Es una constante en nuestras ciudades que paulatinamente la población nativa se va mezclando con gente de todas partes. Al menos, en las cinco capitales principales de América Latina es evidente; Ciudad de México, San Pablo, Santiago de Chile, Bogotá y Buenos Aires, donde más de la mitad de su población no es nacida allí, vienen de otros lugares de cada país la mayoría y cada vez más aumentando el número de extranjeros radicados. Esas son razones de peso para pensar en la gestión de la diferencia cultural como una necesidad urgente. La ONU Hábitat dice que la población urbana en el mundo superará los seis mil millones de habitantes para el 2045, lo que implica la adaptación urgente de las ciudades en servicios básicos, además de actualizarse en vivienda, infraestructura, transporte, eso sin contar que la producción de energía tiene que ser limpia, la emisión de gases contaminantes al aire tiene que ser con tendencia a cero, fuera de eso, los temas de empleo y educación, que no son menores. Enormes retos para actualizarse hoy se tienen en los centros urbanos, pero ser capaces de soportar al otro, de entenderlo, de tolerar los tonos en las conversaciones, las otras formas metodológicas para resolver los problemas, y mil diferencias más que existen en este mestizaje creciente que definitivamente hay que prepararse para eso y hoy mismo. Al cierre del 2018 había más de 28 megaciudades con más de 10 millones de personas (Habrá 41 en el 2030) según el mismo informe de la ONU Hábitat, y continúa diciendo que poco más de 500 ciudades tiene más de un millón de habitantes.


Es muy común ver como las grandes instituciones que abren sucursales en países y ciudades diferentes, por no tener esa diferencia cultural como un asunto principal a gestionar, se vienen abajo y en muchas ocasiones es la razón por la que les toca cerrar y afrontar su pérdida. Hoy lo vivo a diario y realmente me cuesta creer que se piense que hay que seguir al pie de la letra en todos los territorios las indicaciones centrales cuando la realidad cultural podría ser un gran aliado que optimizaría todo.

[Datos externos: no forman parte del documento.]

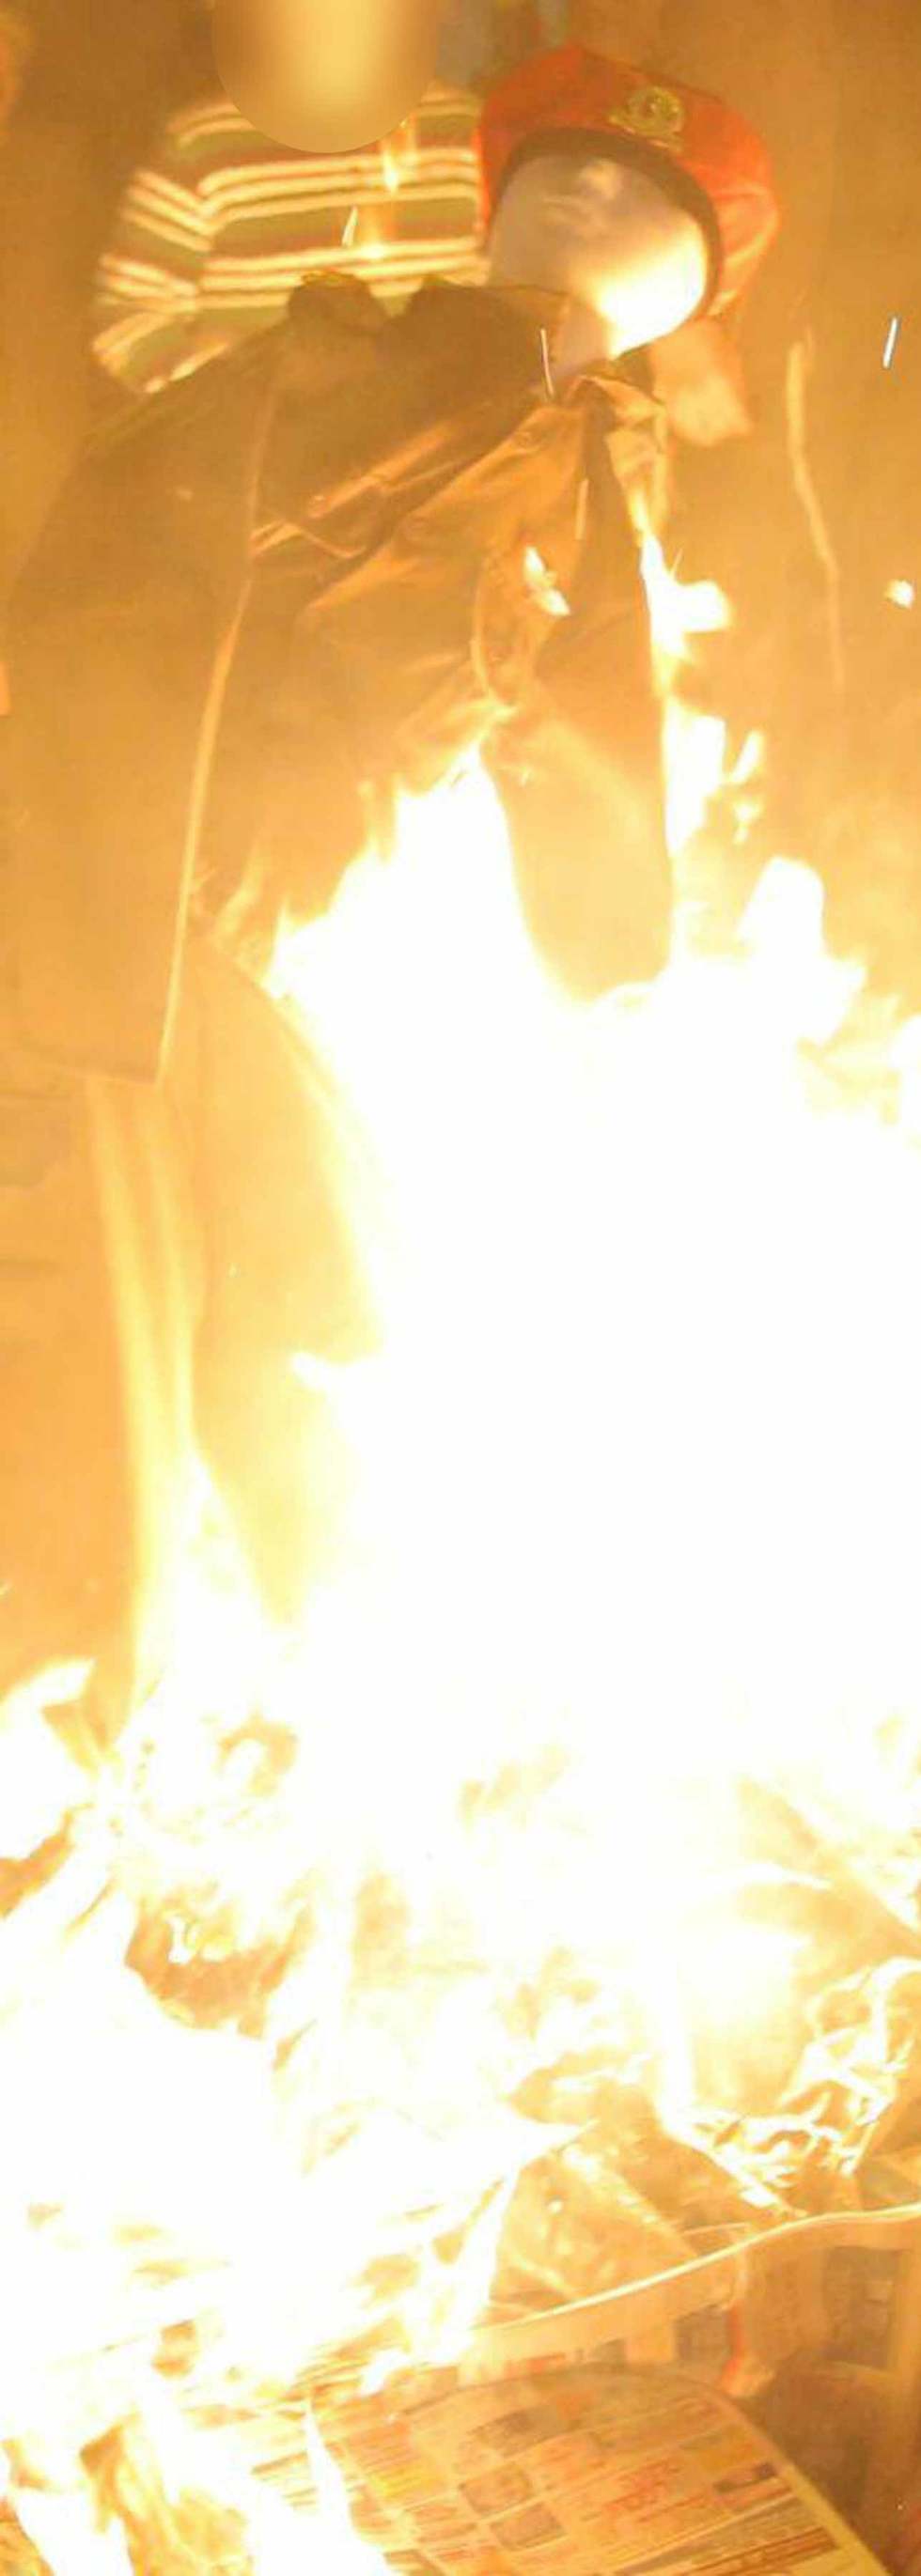 שריפת בובת חייל (צילום: חיים גולדברג - אתר כיכר השבת)

Dentro de la promoción de los procesos de planeación de cada ciudad, hay que poner obligatoriamente este punto en la agenda, no hay producto, ni indicador cierto con la improvisación, y pienso que este lado del mundo está dejando descubierto del todo esta realidad que cada vez más determina el desarrollo social de las ciudades. Las que se han encargado de integrar las culturas, respetando las diferencias y promoviendo los temas en común han sobresalido notablemente, como Tokio, Estambul, Shanghái, las que no, han generado una brecha social que difícilmente se integrará como El Cairo, Ciudad de México, New Deli y San Pablo solamente por mencionar algunas. Promover el tan mencionado #CiudadaníaAntesQueCiudad además de ratificar la necesidad de intervenir los cerebros para que estén preparados para gestionar la diferencia cultural, me ha dado la oportunidad de vivir muy de cerca la velocidad con la que se han venido globalizando nuestras ciudades y a estas alturas, educar todos los días, todo el tiempo, aunque parezca que no sirve de nada, es la única salida. Así los que llegan se enteran, y los que están hacen consciente que hay otros más con los que tienen que convivir.